Ma guarda un po' che strano! Non ci sono i soldi. E i grillini non lo sapevano...
Intanto, però, buttiamo nella fornace un altro miliardo e mezzo per ridurre il costo dell'elettricità in bolletta, come opportunamente strombazzato da tutti i media nazionali. Ma, come al solito, la cosa sarà tutta da dimostrare: il costo dell'elettricità si ridurrà, ma verosimilmente, in proporzione ai consumi, quello delle bollette nei prossimi mesi schizzerà in alto.

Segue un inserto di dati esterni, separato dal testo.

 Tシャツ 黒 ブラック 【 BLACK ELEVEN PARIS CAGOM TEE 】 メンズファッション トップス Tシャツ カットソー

Già lo sapevamo in febbraio, prima del diluvio. Ne abbiamo ora la conferma dall'articolo del Quotidiano Energia del 27 marzo dal titolo "Oneri, il Covid-19 pesa già per 200 mln € (e impatterà anche sul 2021)", che così sottotitolava: "L’Arera: conto A3 penalizzato da calo del Pun di fine febbraio, in prospettiva avrà effetto sugli incentivi che hanno sostituito i CV".
Spieghiamo l'arcano ai nostri lettori: per "conto A3" della bolletta si intende la componente A3, che raccoglie gli incentivi alle Fer. "Penalizzato" va inteso nel senso che la componente A3 aumenta. Ovvio che, come abbiamo già detto, al diminuire del Pun, per differenza, aumentano gli incentivi all'eolico, che sono di tipo feed-in, tali cioè da garantire ai beneficiari sempre lo stesso (esagerato) ricavo, indipendentemente dalle condizioni di mercato.

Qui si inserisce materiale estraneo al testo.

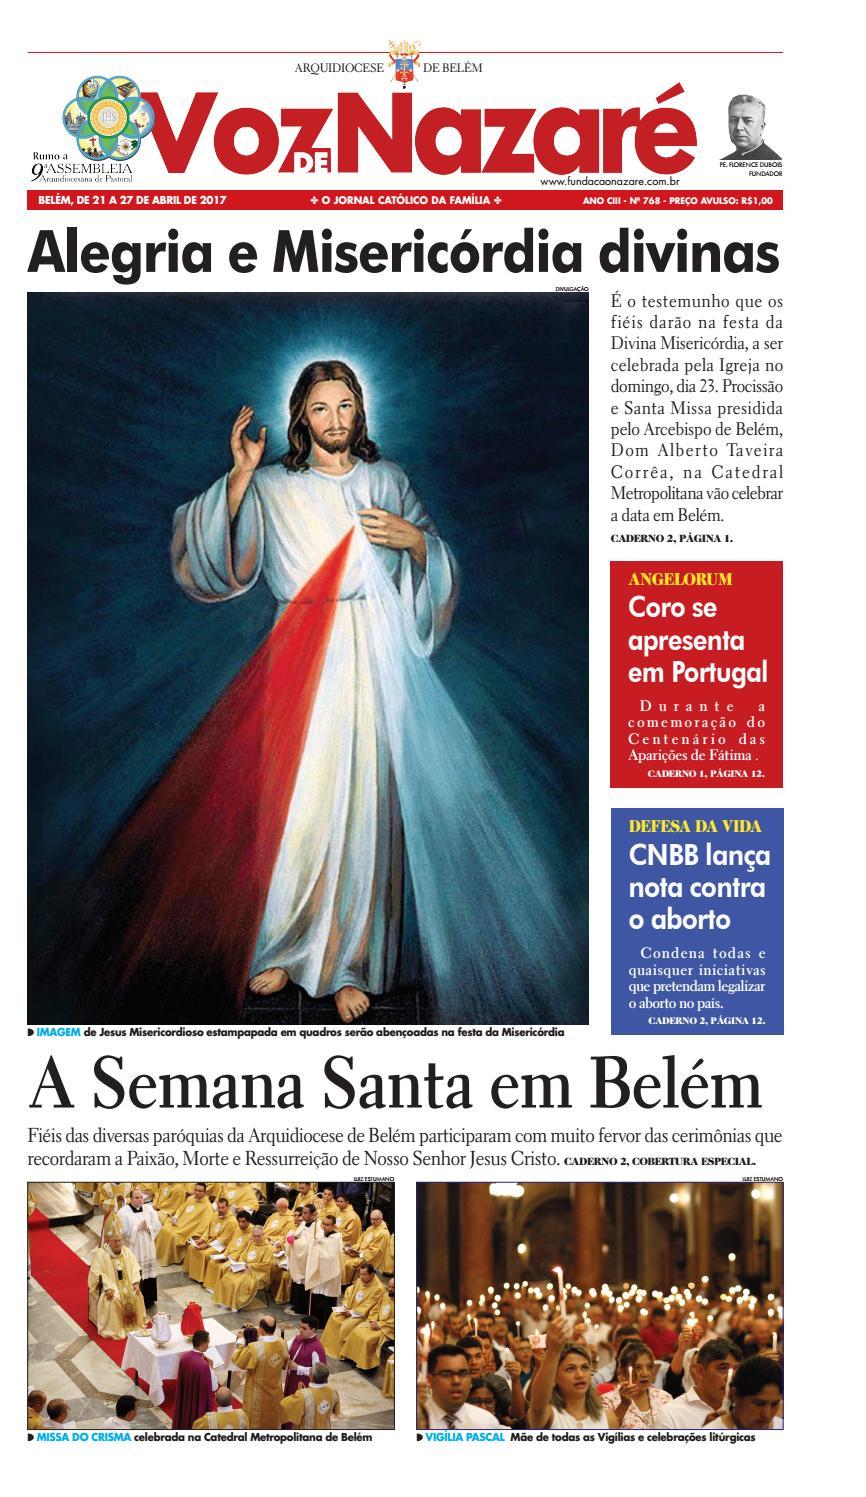 CD O BAIXAR ENQUANTO DE BRILHAR CATEDRAL SOL

Ecco perchè l'Autorità per l'energia ci dice che "la riduzione del PUN ha un effetto negativo sugli oneri... per nuovi impianti da fonti rinnovabili... e la flessione registrata a febbraio ha già comportato un aumento degli oneri posti in capo al conto A3 stimabile in oltre 200 milioni di euro... in prospettiva (tale riduzione del PUN) avrà un effetto significativo sugli oneri di competenza 2021 in capo al conto A3 in conseguenza del meccanismo di aggiornamento degli incentivi che hanno sostituito i certificati verdi, che dipende dal Pun medio registrato nell'anno precedente".
Ed eravamo solo a febbraio, prima del crollo di marzo del PUN!
Mentre tutto sta andando alla malora si conferma che gli eolici sono tra i pochi in Italia che continuano a fare "business as usual" (e che business!) alla faccia degli altri italiani. Molti dei quali sono già alla disperazione. Ed i disperati stanno aumentando ogni giorno che passa.
Nel problema la sua ovvia soluzione.
Facciamo nostre le conclusioni di Paolo Annoni sul Sussidiario del 24 marzo nell'articolo intitolato "Patuanelli e la mossa che ci lascerà senza imprese e lavoro":
"L’operazione di “chiudere tutto” nella sostanza produrrà questo effetto: l’operazione è riuscita perfettamente, ma il paziente è morto... La sfida è produrre in sicurezza e non chiudere aprendo un frangente che rischia di far collassare il Paese con un botto economico e sociale senza precedenti. O meglio proprio con precedenti che la storia ci propone gestiti da dilettanti con effetti rovinosi su distribuzione e approvvigionamenti".
Quegli stessi dilettanti, per intenderci, che vogliono far funzionare un'economia industriale evoluta con pale eoliche e pannelli fotovoltaici.